Dianne Coffee – With People
Applying his trade with his side-piece band Diane Coffee between Foxygen gigs, Shaun Fleming has released his fourth record with the band, the first since 2019. Produced by Foxygen major-domo Jonathan Rado, on this one, Fleming strays away from the Glam-Pop of his main gig in favor of a more subtle ’70s and ’80s soft rock aesthetic.
From the opener, “Corrina From Colina,” there is a Southern California beach vibe laid down, sort of like a cross between Holland Era Beach boys and Hall and Oates. This is a song that will catch your attention and entice you to head to the beach and paddleboard out in the ocean to catch those bigger waves ahead.
“Our Love/The Run” would have been a perfect vehicle for Freddie Mercury and Queen most notably at the piano break with the repeated angry whisper “You don’t get to treat me this way.”
With Foxygen level pop bombast reached on “Sharks,” and “The Great Escape” that give the record a breezy pop feel, this record is a perfect album for the now, but put a pin in this one and bring it back around when the sounds of summer are ready to dominate the airwaves.
Thunder – Dopamine
Applying their trade going on 35 years now, U.K. rock provocateurs Thunder have released a double album of riff-ready rock and roll that reflects back to ‘70s era guitar rock in the Tesla, U.F.O, and Nazareth mold.
“The Dead City” has leader Danny Bowes channeling his inner Paul Rodgers Bad Company persona and on “Black,” the band takes glam-rock to new heights.
There is beauty in diversity to be found everywhere on this record. “Is Anybody Out there” starts off as a Billy Joel-worthy ballad before it morphs itself into a mid-era Journey via way of Elton John stunner, and “Last Orders” meanders from Pink Floyd to Led Zeppelin with the aplomb of a best in class driving song.
For a record that has Rock album of the year written all over it, this one should settle the rock is dead controversy once and for all.
Trombone Shorty – Lifted
Practically born to be a musician, Trombone Shorty was playing the trombone going back to the days when the instrument was bigger than he was. Mentored by the Marsalis family and close family friends with Dr.

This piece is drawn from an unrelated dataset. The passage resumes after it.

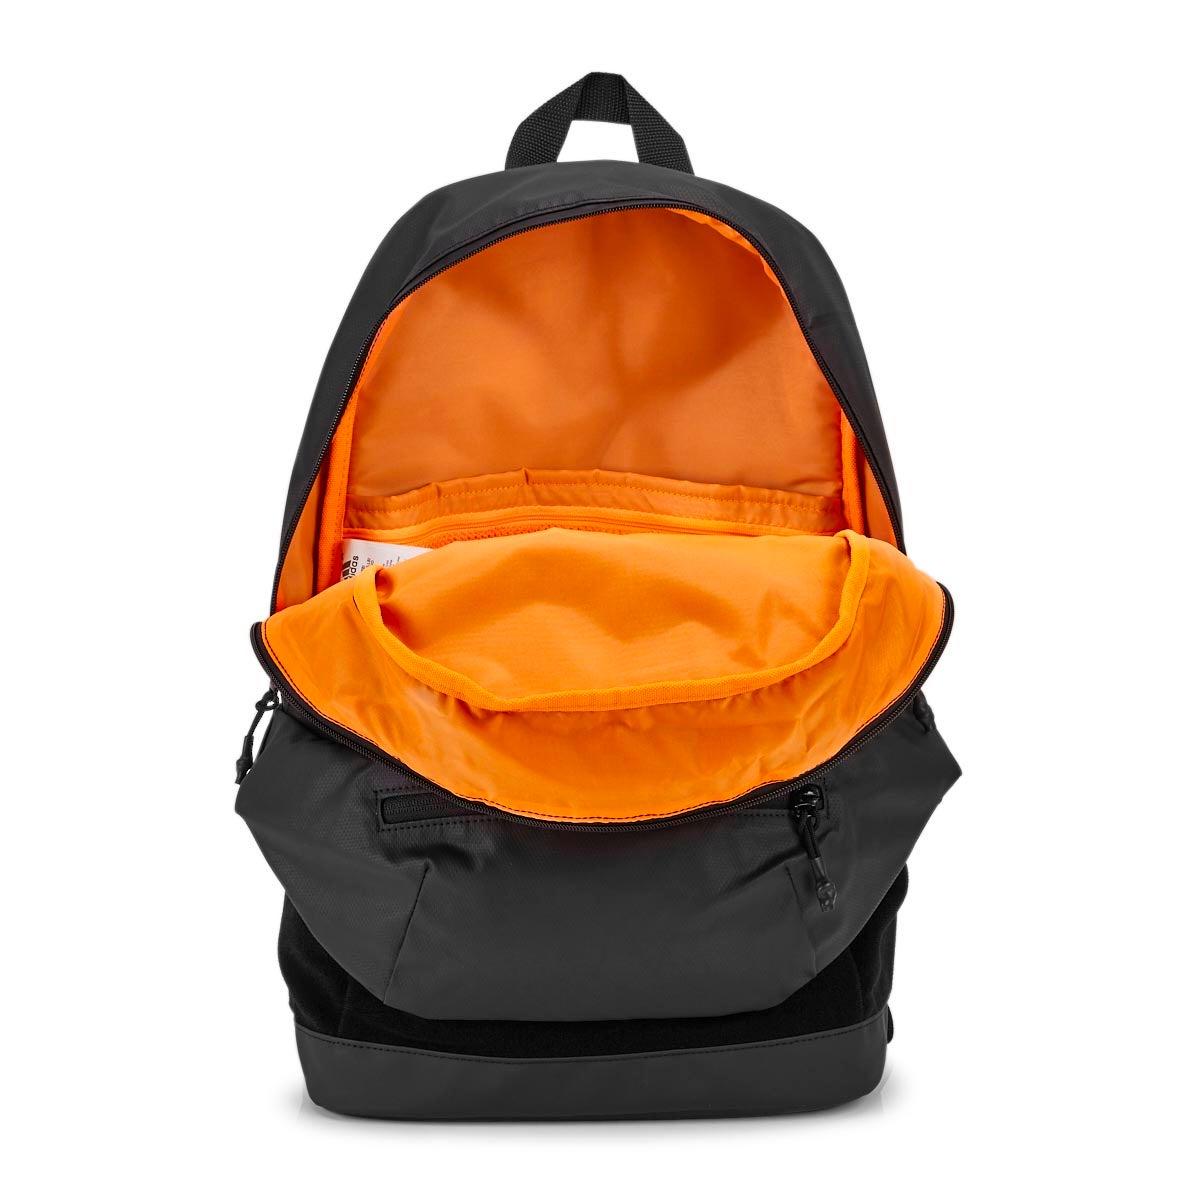 Adidas Clas BP Adapt blk/blk backpack

John, Lifted Troy Andrews’s latest record has injected all of these New Orleans bloodlines into his veins on his latest record.
A gumbo of R&B, Soul, Funk, and New Orleans Brass, is served on every cut of this impressive piece of work. “I’m Standing here” could have easily been a Lenny Kravitz smash hit in the “Are You Gonna Go My Way” mold, “Everybody in the World” has that Harry Connick Jr. jazz vibe about it, and the opener “Come Back” lays it down like the best of Earth Wind and Fire.
With the single “Lie To Me,” a song that takes second-line gospel chants and melds them with Santana Band vibes and Preservation Hall local color with trumpet and trombones taking center stage, the message is clear. Trombone Shorty is in it to love it.